I have assisted a friend of mine cleaning his aquarium and Koi pond. The style that you are using is mainly used for very large tanks or ponds. There is another T connector that fits onto many sink faucets and would be ideal to use for aquariums.
As far as the questions go: yes the main part (green pictured item) is a T connector with a 'shut off' for outgoing water. While yes, you can use it to refill, it isn't that great (it never shuts off completely). When I did his pond, we had the part that the water comes out in his garden area (did great in fertilizing and such) we refilled by hooking up a hose to a small 'tank' bucket that had a small carbon filter. We also used a small UV
light to treat the water as it ran through the tank (which warmed it slightly) and would then use a small hose to to refill the pond or aquarium slowly (not to change the water temp causing the fish to go into shock). Although we did not need to worry about the Ph of the water for the pond, the aquarium was a different matter. After the aquarium was almost full, we would check the Ph and add any declorination into the refill tank and slowly fill the tank the rest of the way. Checking again after about an hour or so.
Question 2 I cannot answer because I do not know the physics of the item, we never had a problem with any of the water back flowing...it did a really good job pumping out the junk from the pond (we used the big one on the pond and a smaller one that hooked to the kitchen sink for the aquarium) so I never questioned the how or why it didn't back flow...the pressure was enough to move some of the decoration rock at the bottom of the pond.

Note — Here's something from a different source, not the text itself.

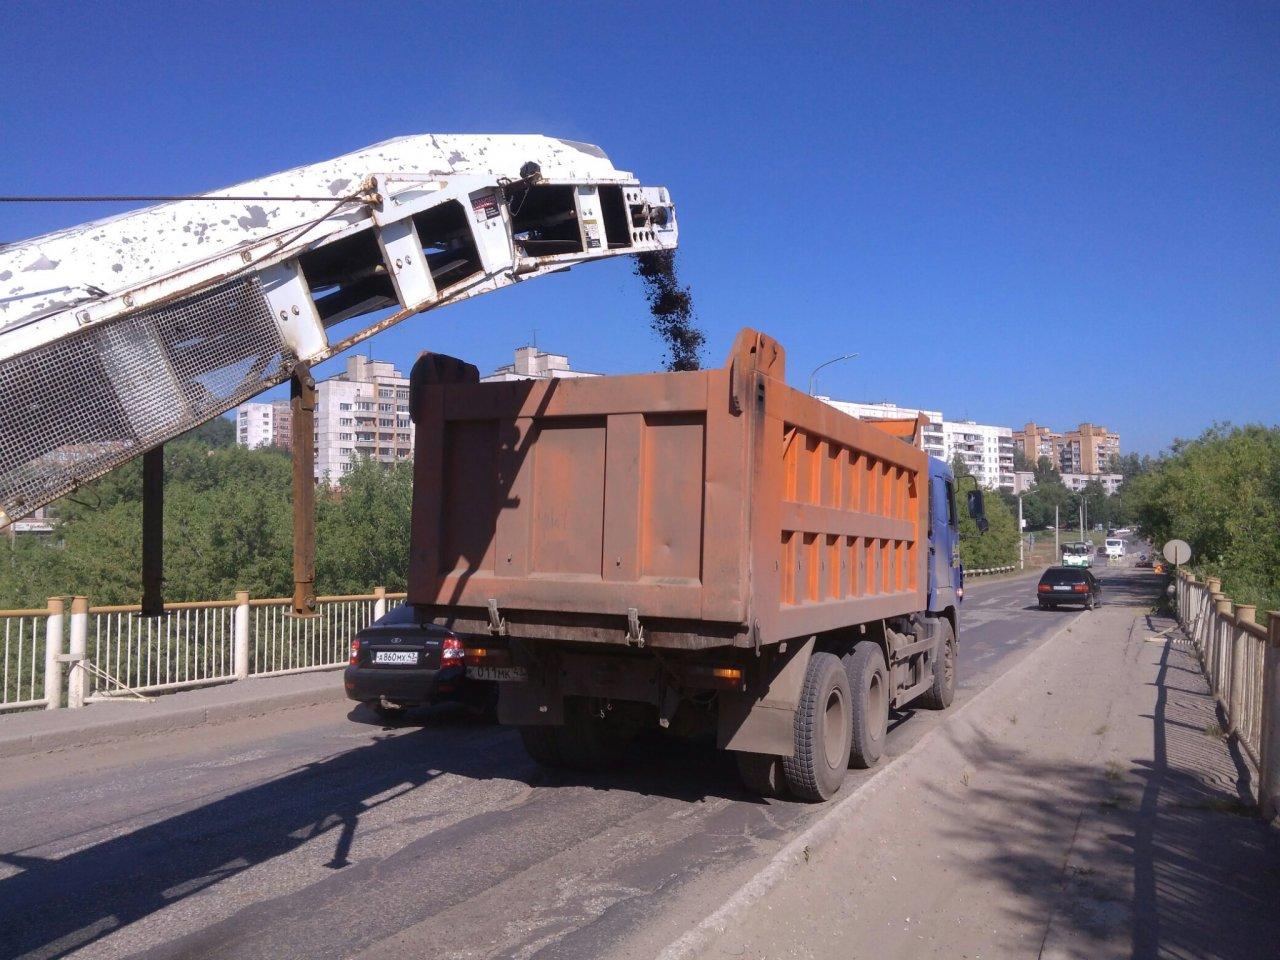 Опасность обрушения: на обследование аварийного путепровода в Чепецке выделят 3 миллиона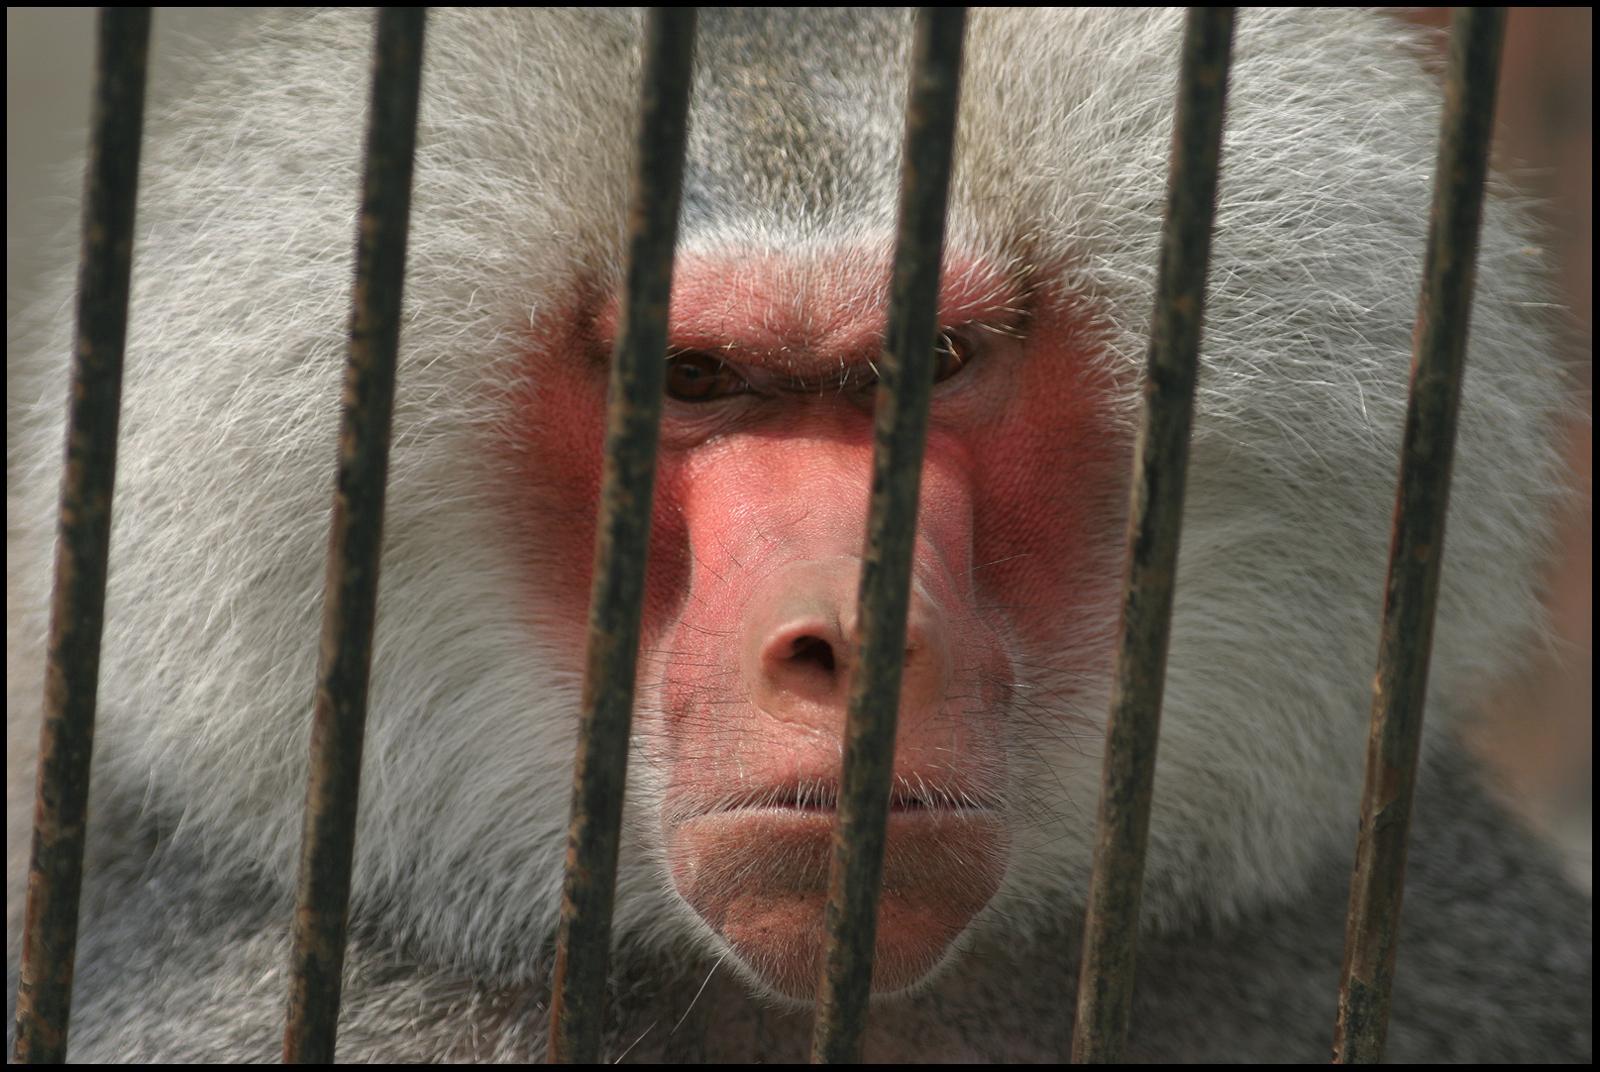 5 Organizations That Still Kill Animals Even Though Alternatives Exist

Question 3: Yes, but you will need to keep the water turned on if the elevation is too much. Again, I am not taught on the physics of how it works, but it does. If the elevation is too much, it looses pressure without the water turned on. The outside faucet for his Koi pond was elevated around 3 feet off the ground. We usually hooked a hose in between the connector and the faucet so we can direct the water better into the garden. His koi pond was around 4 feet deep and was in the ground. His aquarium was a tall 30 gallon (I believe) tank and was on normal height stand but this was all sitting in a low part of the house (the living room had 2 steps to get into the kitchen), the kitchen sink was typical height. We had to keep the water on low to keep the suction because of the elevation difference but nothing too major.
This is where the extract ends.